En 2024, une étude de grande envergure, prenant en compte d’importants facteurs de confusion, notamment la génétique, n’a trouvé aucune association entre la consommation d’acétaminophène pendant la grossesse et le risque d’autisme.
De plus, il est important de prendre en compte les bénéfices du paracétamol.
Premièrement, les alternatives au paracétamol pour soulager la douleur sont des médicaments anti-inflammatoires non stéroïdiens et opioïdes, qui comportent tous deux des risques avérés pour les femmes enceintes, contrairement au paracétamol. Deuxièmement, s’abstenir complètement de prendre des médicaments n’est pas envisageable pour les femmes enceintes, car il est plus risqué d’avoir une fièvre non traitée que de prendre du paracétamol : la fièvre expose en effet à un risque de fausse couche ou de malformation du cerveau et de la moëlle épinière du foetus.
Entre les études non concluantes sur les risques du paracétamol et les risques avérés liés à l’utilisation d’autres analgésiques ou au fait de ne pas traiter la fièvre, il apparaît donc que les bénéfices de l’utilisation du paracétamol l’emportent sur les risques.
Enfin, même les auteurs de la « déclaration de consensus » ont reconnu que les études rapportant une association entre le paracétamol et le TSA n’ont pas observé de risques significatifs lorsque le médicament était utilisé pour un court laps de temps[3].
Aujourd’hui, le paracétamol demeure selon les autorités de santé la méthode la plus sûre pour traiter la fièvre ou la douleur pendant la grossesse.
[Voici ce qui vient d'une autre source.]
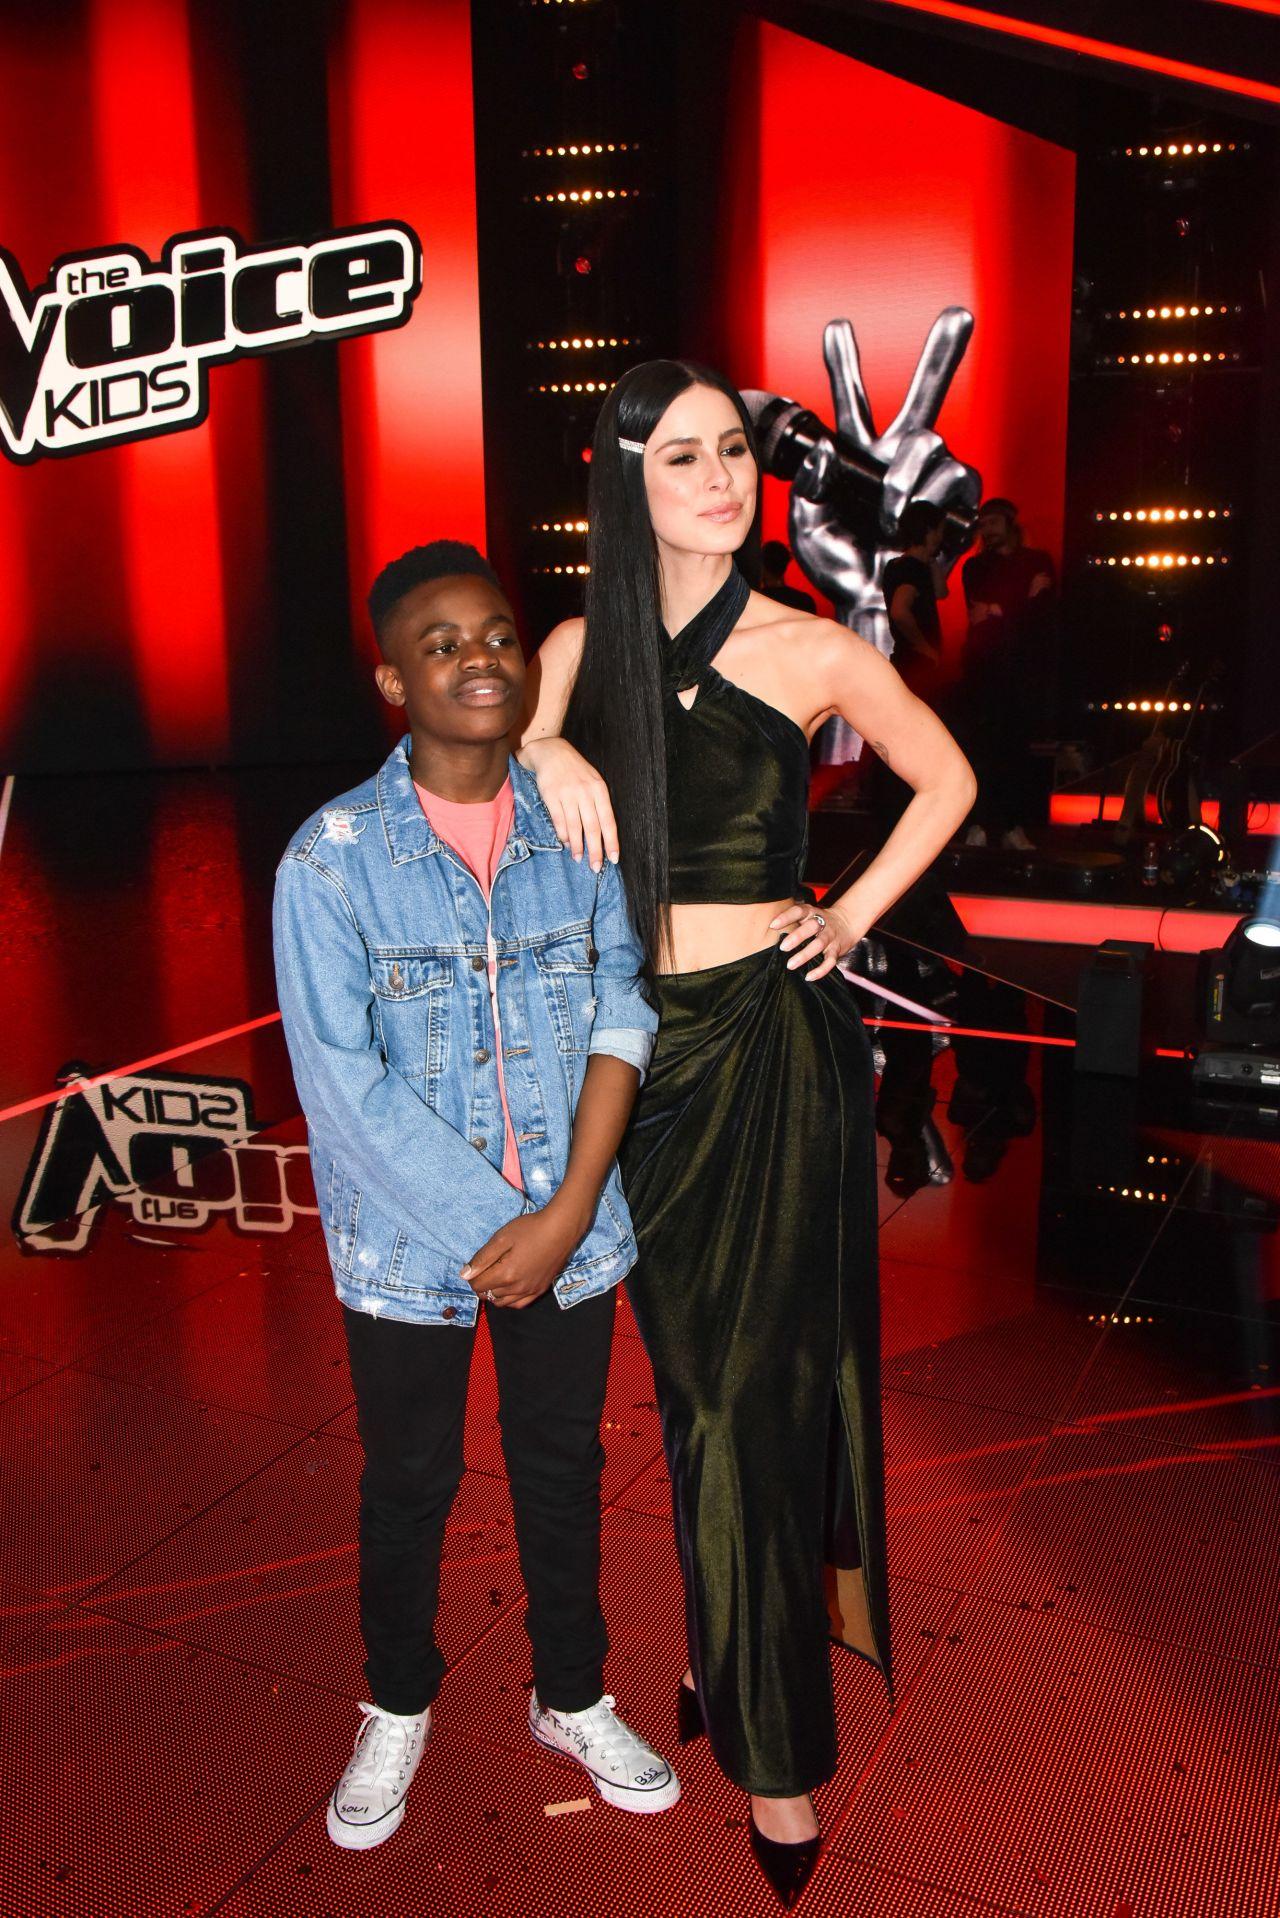 Lena Meyer Landrut Final From The Voice Kids In Berlin 04 21 2019 Celebmafia

L’ANSM (Agence nationale de sécurité des médicaments et des produits de santé) recommande aux femmes enceintes son utilisation à la dose efficace la plus faible, pendant la durée la plus courte possible, à la fréquence la plus réduite possible, ceci avec le conseil de professionnels de santé.
Références
- 1 – Liew et al. (2016) Paracetamol use during pregnancy and attention and executive function in offspring at age 5 years. International Journal of Epidemiology.
- 2 – Werler et al. (2005) Use of over-the-counter medications during pregnancy. American Journal of Obstetrics and Gynecology.
- 3 – Bauer et al. (2021) Paracetamol use during pregnancy — a call for precautionary action. Nature review endocrinology.
- 4 – Masarwa et al. (2018) Prenatal Exposure to Acetaminophen and Risk for Attention Deficit Hyperactivity Disorder and Autistic Spectrum Disorder: A Systematic Review, Meta-Analysis, and Meta-Regression Analysis of Cohort Studies. American Journal of Epidemiology.
- 5 – Alemany et al. (2021) Prenatal and postnatal exposure to acetaminophen in relation to autism spectrum and attention-deficit and hyperactivity symptoms in childhood: Meta-analysis in six European population-based cohorts. European Journal of Epidemiology.
- 6 – Liew et al. (2016) Maternal use of acetaminophen during pregnancy and risk of autism spectrum disorders in childhood: A Danish national birth cohort study. Autism Research.
- 7 – Avella-Garcia et al. (2016) Acetaminophen use in pregnancy and neurodevelopment: attention function and autism spectrum symptoms. International Journal of Epidemiology.
- 8 – Hammer et al. (2009) Avoiding Bias in Observational Studies. Deutsches Ärzteblatt International.
- 9 – Li et al. (2020) Association of Cord Plasma Biomarkers of In Utero Acetaminophen Exposure With Risk of Attention-Deficit/Hyperactivity Disorder and Autism Spectrum Disorder in Childhood. JAMA Psychiatry.
- 10 – Ahlqvist et al. (2024) Acetaminophen Use During Pregnancy and Children’s Risk of Autism, ADHD, and Intellectual Disability. JAMA.